• What the task asks
What you return should be the lines from the first line of the records below through the line holding "The Knife Angel", unchanged.

(Dataset items)
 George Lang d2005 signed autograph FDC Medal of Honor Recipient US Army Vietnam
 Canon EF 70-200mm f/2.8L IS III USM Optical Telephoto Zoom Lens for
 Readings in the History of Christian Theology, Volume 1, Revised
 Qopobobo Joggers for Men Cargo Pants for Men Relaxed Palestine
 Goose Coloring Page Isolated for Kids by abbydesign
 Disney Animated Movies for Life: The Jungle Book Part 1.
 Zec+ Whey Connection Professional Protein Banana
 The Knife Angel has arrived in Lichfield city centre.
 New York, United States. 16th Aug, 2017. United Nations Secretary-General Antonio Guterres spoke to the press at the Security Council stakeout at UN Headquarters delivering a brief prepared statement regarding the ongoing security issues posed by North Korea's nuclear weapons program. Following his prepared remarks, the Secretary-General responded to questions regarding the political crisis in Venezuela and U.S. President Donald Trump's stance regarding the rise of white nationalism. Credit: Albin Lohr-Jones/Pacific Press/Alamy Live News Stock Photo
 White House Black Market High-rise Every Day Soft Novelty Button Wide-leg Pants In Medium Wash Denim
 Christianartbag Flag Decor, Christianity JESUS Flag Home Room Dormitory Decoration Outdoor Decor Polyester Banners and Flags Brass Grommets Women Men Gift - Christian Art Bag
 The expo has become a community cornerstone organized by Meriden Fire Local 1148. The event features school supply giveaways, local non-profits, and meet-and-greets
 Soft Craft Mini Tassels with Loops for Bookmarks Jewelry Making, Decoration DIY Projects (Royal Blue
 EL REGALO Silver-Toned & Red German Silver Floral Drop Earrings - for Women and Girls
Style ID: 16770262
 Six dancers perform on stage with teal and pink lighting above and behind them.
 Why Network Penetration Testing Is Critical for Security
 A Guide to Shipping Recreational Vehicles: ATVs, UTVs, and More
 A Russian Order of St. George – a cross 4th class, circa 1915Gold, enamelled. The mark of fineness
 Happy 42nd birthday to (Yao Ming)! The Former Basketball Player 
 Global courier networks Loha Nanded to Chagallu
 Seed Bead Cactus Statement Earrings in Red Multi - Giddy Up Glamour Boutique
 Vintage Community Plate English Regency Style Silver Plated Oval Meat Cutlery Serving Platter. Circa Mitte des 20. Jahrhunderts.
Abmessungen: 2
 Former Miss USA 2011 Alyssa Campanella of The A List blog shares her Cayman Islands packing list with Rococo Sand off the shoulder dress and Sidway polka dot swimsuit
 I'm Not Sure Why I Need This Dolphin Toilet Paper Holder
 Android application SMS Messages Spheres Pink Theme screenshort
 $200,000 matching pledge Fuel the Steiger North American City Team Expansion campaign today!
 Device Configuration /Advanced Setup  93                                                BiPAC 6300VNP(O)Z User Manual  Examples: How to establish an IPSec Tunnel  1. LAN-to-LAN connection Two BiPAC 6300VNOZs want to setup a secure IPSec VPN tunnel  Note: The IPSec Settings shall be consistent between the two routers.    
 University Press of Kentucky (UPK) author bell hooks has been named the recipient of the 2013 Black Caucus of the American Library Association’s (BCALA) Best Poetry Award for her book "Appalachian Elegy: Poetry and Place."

• Exercise response
 George Lang d2005 signed autograph FDC Medal of Honor Recipient US Army Vietnam
 Canon EF 70-200mm f/2.8L IS III USM Optical Telephoto Zoom Lens for
 Readings in the History of Christian Theology, Volume 1, Revised
 Qopobobo Joggers for Men Cargo Pants for Men Relaxed Palestine
 Goose Coloring Page Isolated for Kids by abbydesign
 Disney Animated Movies for Life: The Jungle Book Part 1.
 Zec+ Whey Connection Professional Protein Banana
 The Knife Angel has arrived in Lichfield city centre.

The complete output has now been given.